The granite industry is rapidly growing in this village because of red stone. First granite quarry was started in 1998 by a Gujarati businessman, now there are around 30 granite quarries and 1 tile cutting factory running in the outskirts of village. Because of granite industry some other industries like transport and dairy have grown in recent years.

The main occupation of resident of this village is farming. People grow pearl millet (bajra), pulses in the monsoon season and wheat and cash crop like cumin (jeera) and mustard in winter season. Few years back people were only relied on monsoon rain for their farming but now irrigated farms are becoming more common.

Some people also keep sheep and goat herd for milk, meat and wool.

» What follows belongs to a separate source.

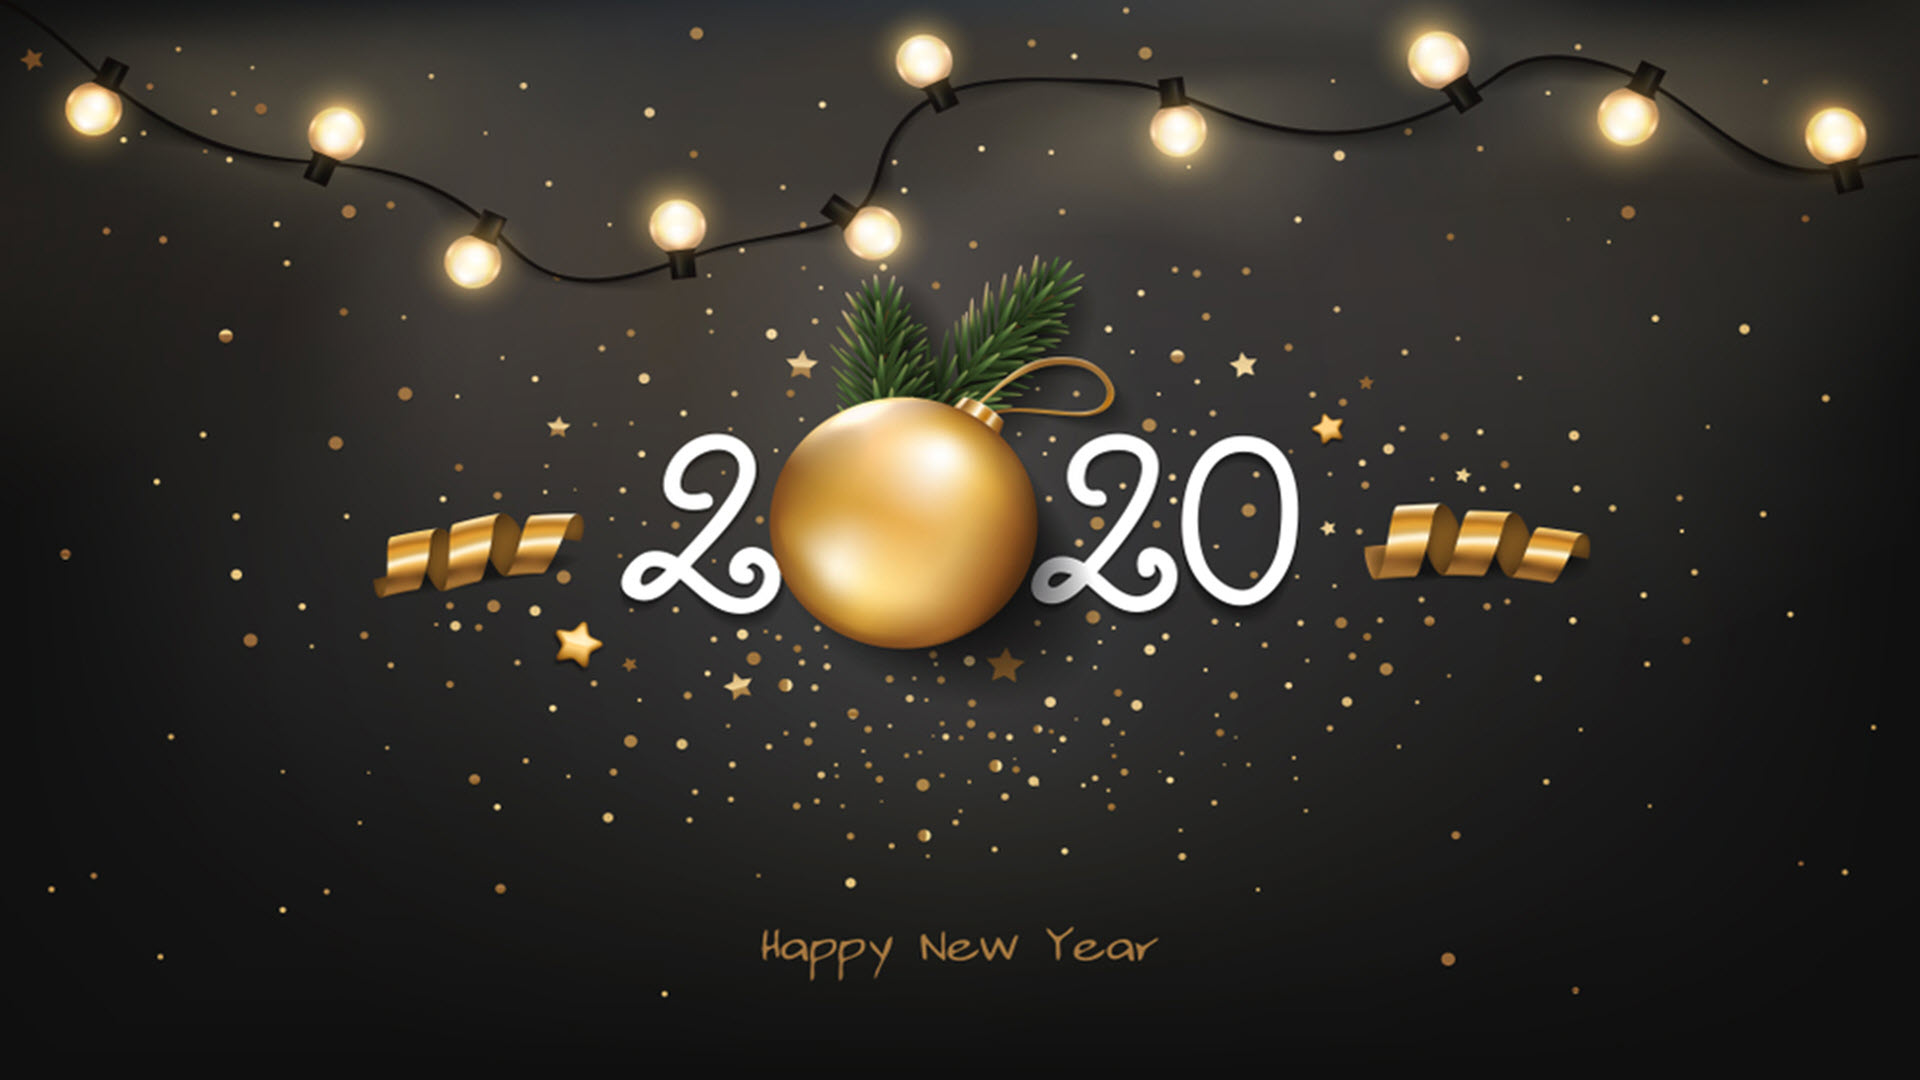 Hình nền mừng năm mới 2020

But this occupation is becoming extinct because low profit and availability of well paid jobs in granite industry.

==Education==

There is middle school in the village with a computer center, volleyball Court and cricket ground. Because of good income from granite sector and irrigated farming people are sending their children to cities like Sikar, Jaipur, Jodhpur and Kota to provide quality education. Village has maximum number of graduate and government servant in all Muslim village of district.

==Transportation==
The village is well connected with roads.
It is connected with road to nearby cities like Barmer, Jaisalmer, Jodhpur. Now-a-days people prefer to use private vehicle over public transport because of low frequency and overcrowding.